With Plečnik’s Year 2022 ending, which will symbolically conclude on Plečnik’s 151st birthday, 23 January 2023, two temporary exhibitions are also ending. Both of them stirred great interest with the general public; the exhibition I am only the housekeeper, but I don’t know…, on view until 8 January, is a hitherto unseen intervention of contemporary art into Plečnik’s home. It established a dynamic dialogue between heritage and art. The last three public guided tours are scheduled in early January; 3 January at 5.30 pm, 6 January at 3.30 pm, and 8 January at 3.30 pm (mandatory applications for the tours at prijava@mgml.si). The temporary exhibition Nulla dies sine linea. Professor Plečnik and his school in Ljubljana will stay on display until late February. Through the rich archives of the Plečnik House and Plečnik’s cabinet at the Faculty of Architecture in Ljubljana, it offers a unique and, insofar, unexplored insight into the work, methods, and curricula of Plečnik’s school. Before the exhibition ends, there will be two more exciting events: on Wednesday, 25 January 2023, the exhibition’s authors Dr. Tomaž Jurca, and Katja Ogrin, and the house’s curator Ana Porok will present the exhibition’s catalog in the company of selected guests, while on the Prešeren Day, 8 February, we are all invited to the last two guided tours of the exhibition (at 11.00 am and 12.00 pm).
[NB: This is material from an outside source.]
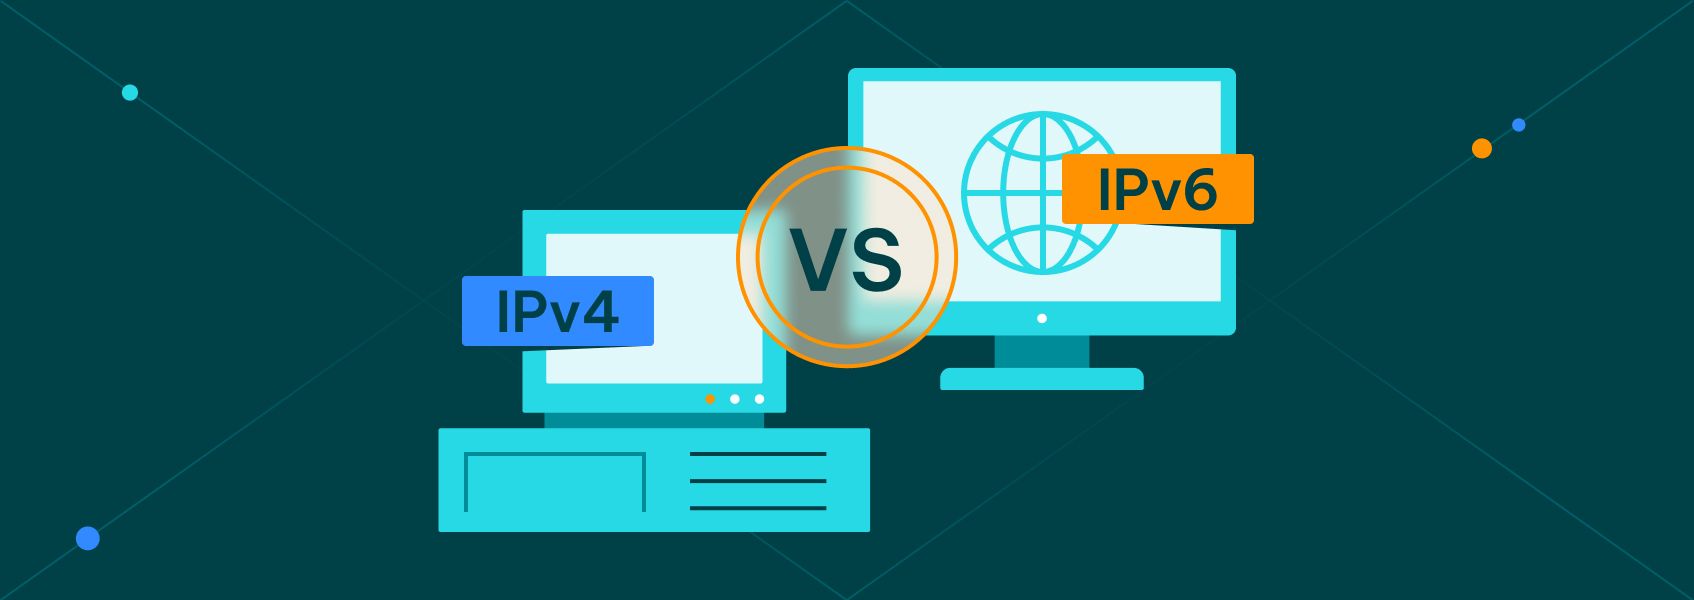 IPv4 vs. IPv6: What is the Difference?
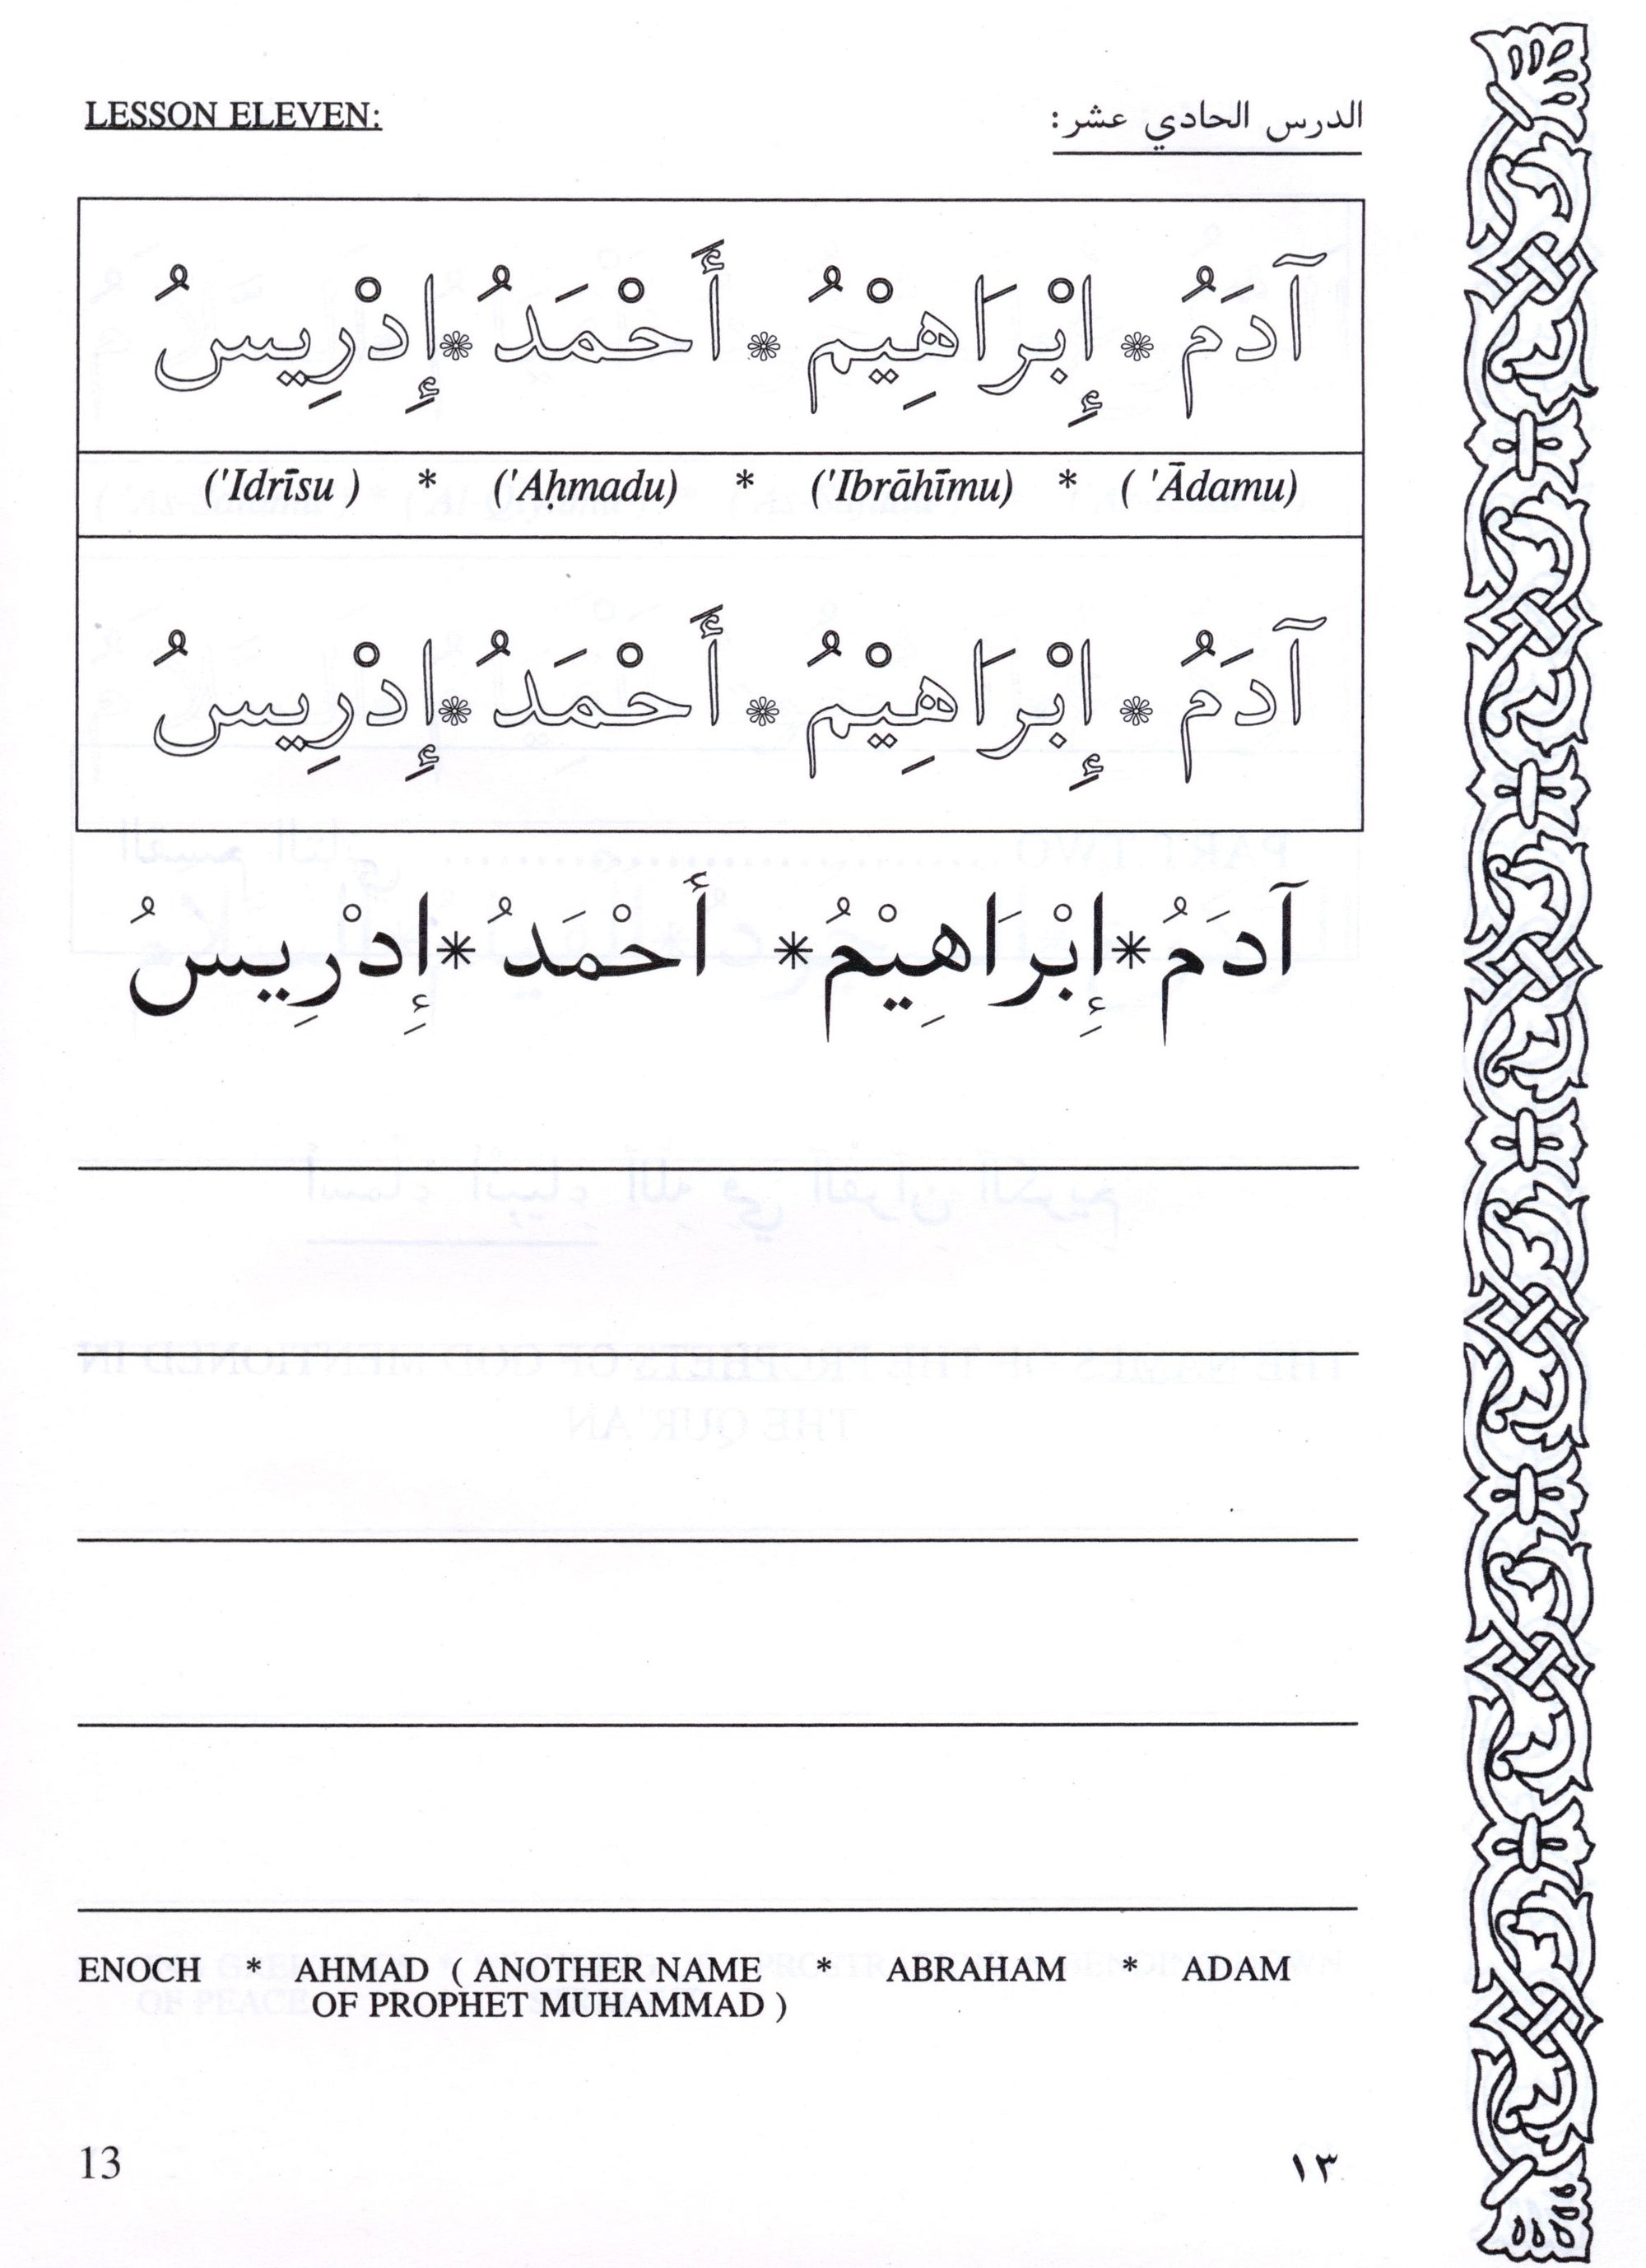 Let's Read & Write Arabic (Book Two)

The Plečnik House also has several international projects planned for 2023. Already in December 2022, the European project Open Atelier will begin, which will also include partners from Denmark, Sweden, Iceland, and Italy. The 36-month-long project puts forward the concept of an atelier, the artist’s private workspace. Through the project, we will innovate the usage, understanding, and collaboration with this space that will open its doors to the public. Open Atelier will change the atelier space into a “laboratory of experiences”; an interactive, co-creative, dynamic, and participatory area in which cultural heritage is the starting point of new interactions and experiences between the museum (collections), the audience, and museum experts.
In 2023 the Plečnik House will also, as part of the MGML family, be a co-organiser of the international conference Iconic Houses, which be hosted by the Czech Republic in May, while the post-conference study trip will take place in Ljubljana in late May. There we will present Plečnik’s Ljubljana to experts from similar international institutions (iconic houses of architects from the 20th century from around the world). The emphasis will be on the architect’s works that have been inscribed on the UNESCO List of Cultural Heritage. The post-conference study trip will be organised in collaboration with Slovenian experts from the Plečnik House, the Museum of Architecture and Design, and renowned experts on Plečnik. It will offer an opportunity to create contacts with the international community of experts, and exchange good practices, as well as possibilities for further collaborations.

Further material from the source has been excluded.